Perhaps Mayfield was doing something similar to me. If she knew I was lying and concealed the method, it put me in an awkward position.
“How are we going to make the selection of the person we contact?” She used the word contact instead of abducting, kidnap, capture, or hostage. She was peering at me in the way that demanded a response.
“Well, there are two things that seem critical. The right person must live alone. And that place must be isolated.”
“Why?”
She was pushing. Making me think too hard. I said, “Like we talked about, we don’t want others coming after us when the person turns up missing. That’s true for both things.”
“I see. Are we going to hurt this person?”
I shook my head.
“If they fail to talk or provide the information we need, will we release them so they can run back to family and friends and then all of them pursue us?”
She was doing it again. Using my words against me. However, I wasn’t about to back off. There are many ways to play a
hand of cards, and there were ways to play Mayfield. Placing her in a position where she had to deal intimately with others was always useful. She didn’t do that well. The additional item was placing her in authority, meaning in charge. She didn’t like that.

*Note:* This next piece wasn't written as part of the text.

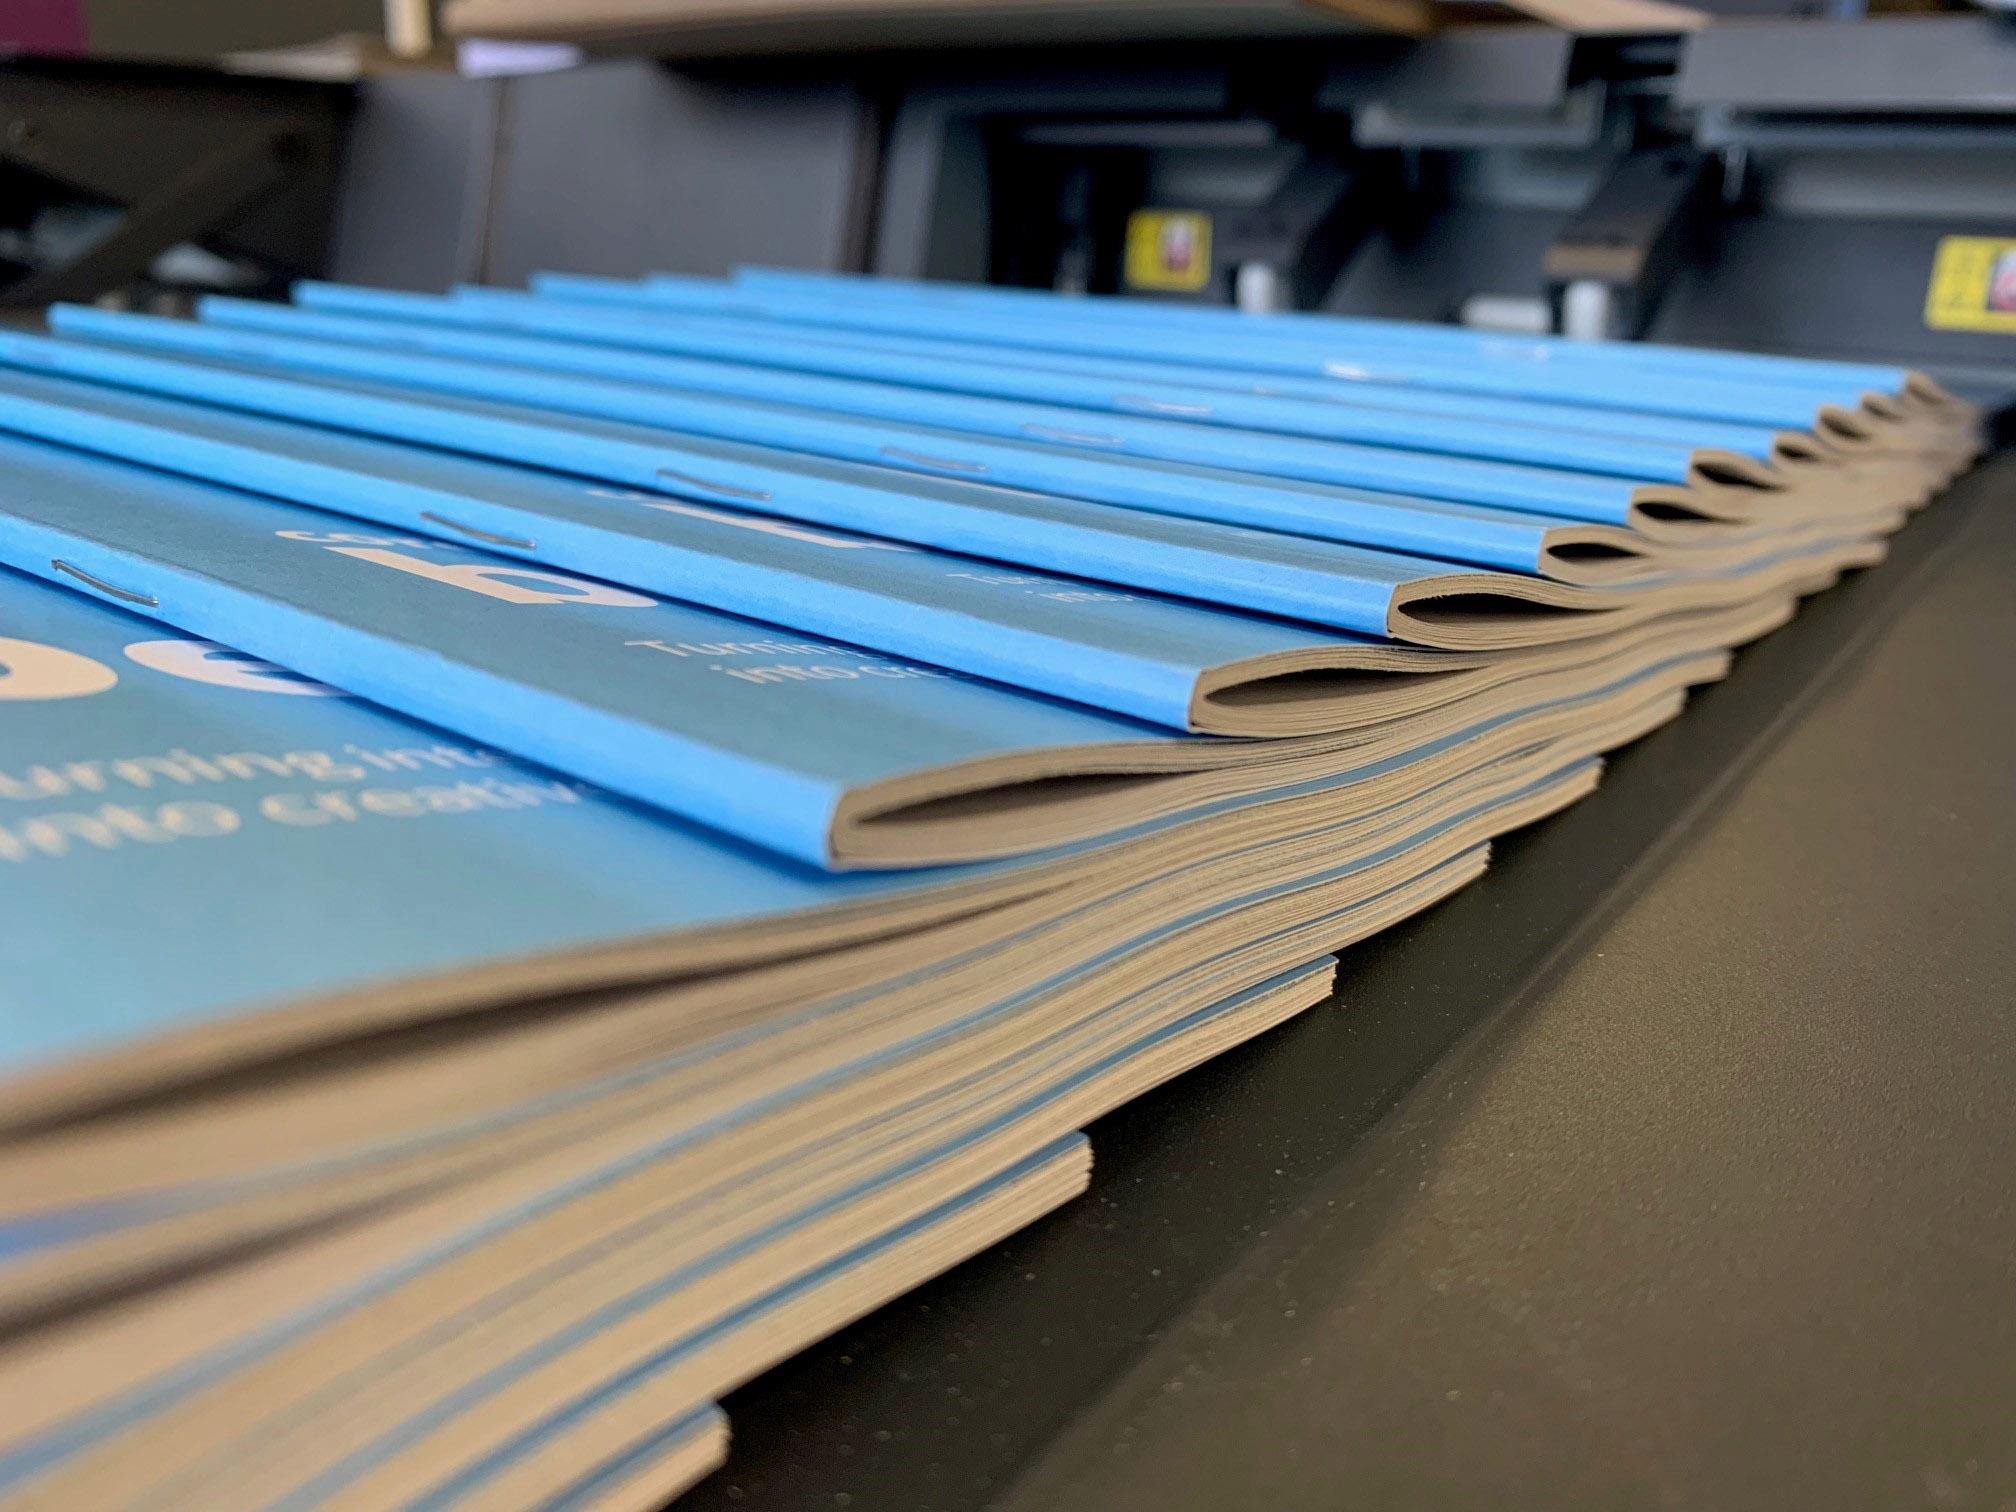 Saddle Stitched Booklets On Printer Conveyor Belt

I said, “Mayfield, I’ve been thinking a lot about this. You ask such penetrating questions, but what is going on is that you think me a little thick-headed—and you’re right when compared to you. I apologize for not thinking of you earlier. With your intelligence, you should be the one leading our mission, and I should have recognized that from the beginning. What do you want me to do?”
“W-what?”
“So, let me get out of your way and let you think. Tell you what, I’ll just lay here and watch the farms below while you devise a plan. I won’t talk or disturb you until you need to tell me what to do. I’m ready to do whatever you need.”

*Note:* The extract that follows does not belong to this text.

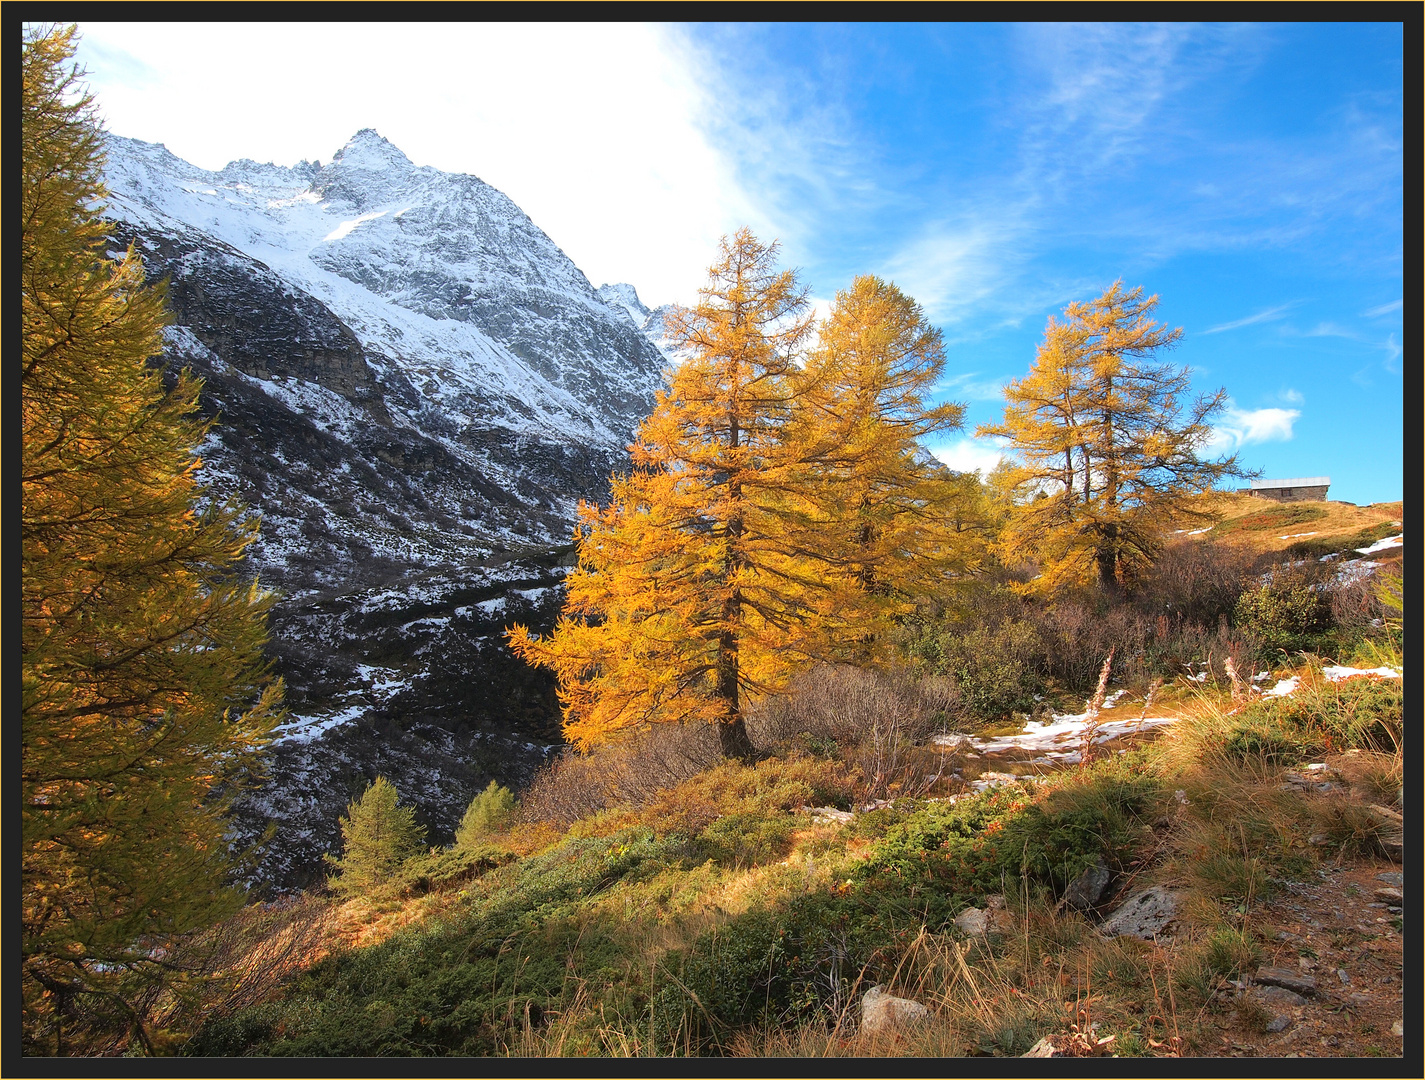 Herbst und Winter...

With that, I rolled to my stomach and put the binoculars to my eyes and forced my lips to keep any trace of a grin away. That necessitated gritting my teeth until my jaw hurt. Despite the danger of the situation we were in, old habits die hard.
The odd thing was that Mayfield didn’t try to argue or attempt to best me. She settled with her back against a tree trunk and remained quiet. I feared that she was considering my suggestion. That meant that if she came up with an idea, I was sort of obligated to accept it.

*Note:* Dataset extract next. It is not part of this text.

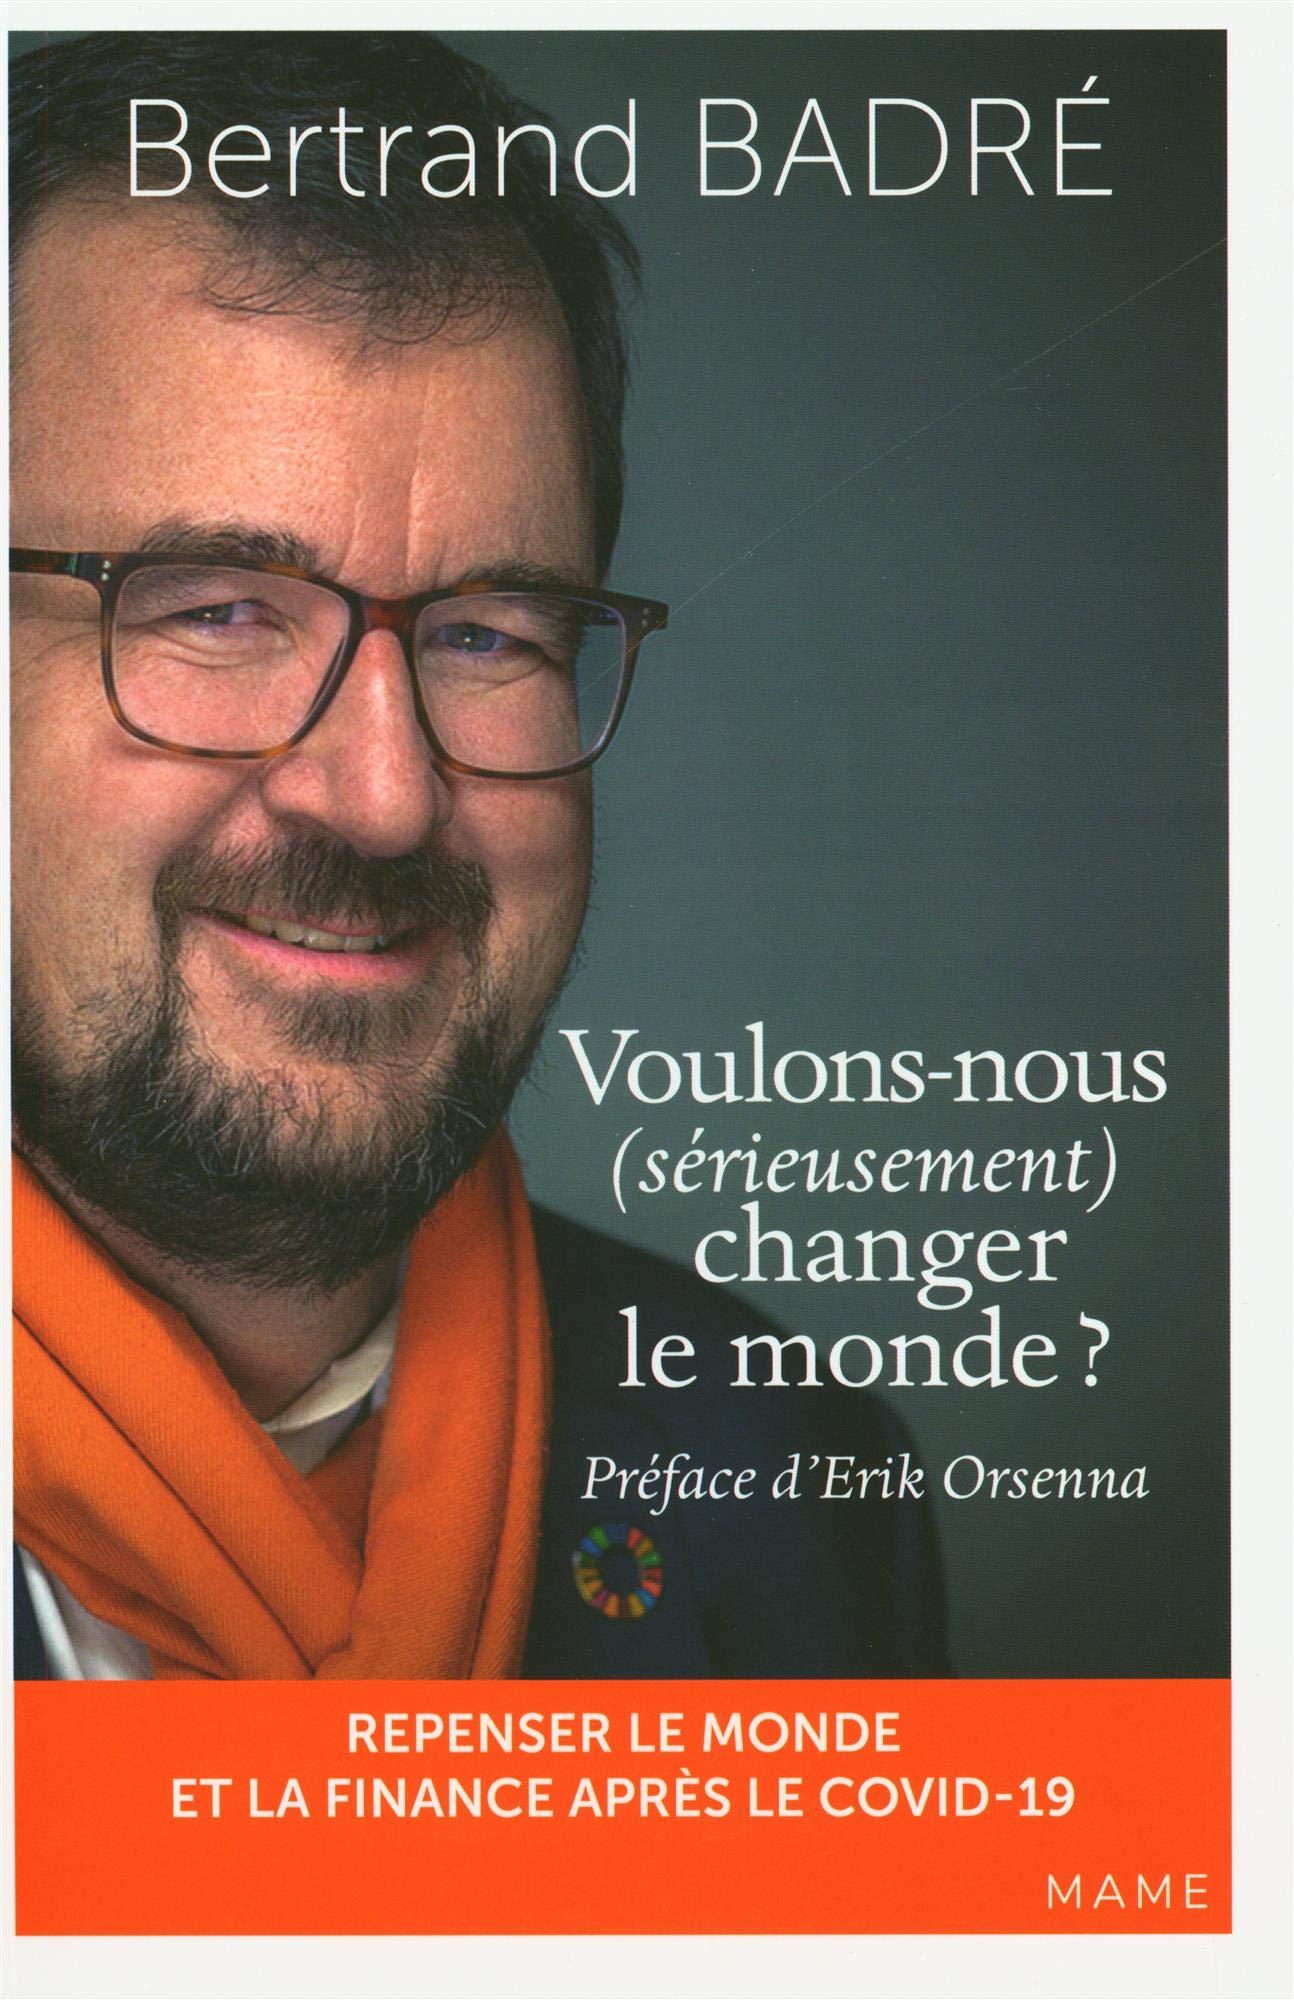 """Résultat de recherche d'images pour """"bertrand badré voulons-nous (sérieusement) changer le monde"""""""

She had silently and efficiently turned the tables.
I watched the farms. People went about doing obvious chores, and other chores and activities I didn’t understand at all. Some chopped wood or gathered hay and drove wagons pulled by horses and delivered it to barns. Those were understandable. Others were not. A woman hung clothing on thin ropes for no reason I could decipher. A farmer, a young woman perhaps, attached a horse to a horizontal railing and the horse walked in circles. She tapped the rump now and then with a thin stick to speed it up. She turned in circles along with the horse as she watched it.
I used the extreme magnification to discern whether the center of the contraption had a pivot point that turned a water pump or a turban to create electricity. There was none. It was a simple attachment to a pipe that allowed the horse to walk in endless circles with her guiding it.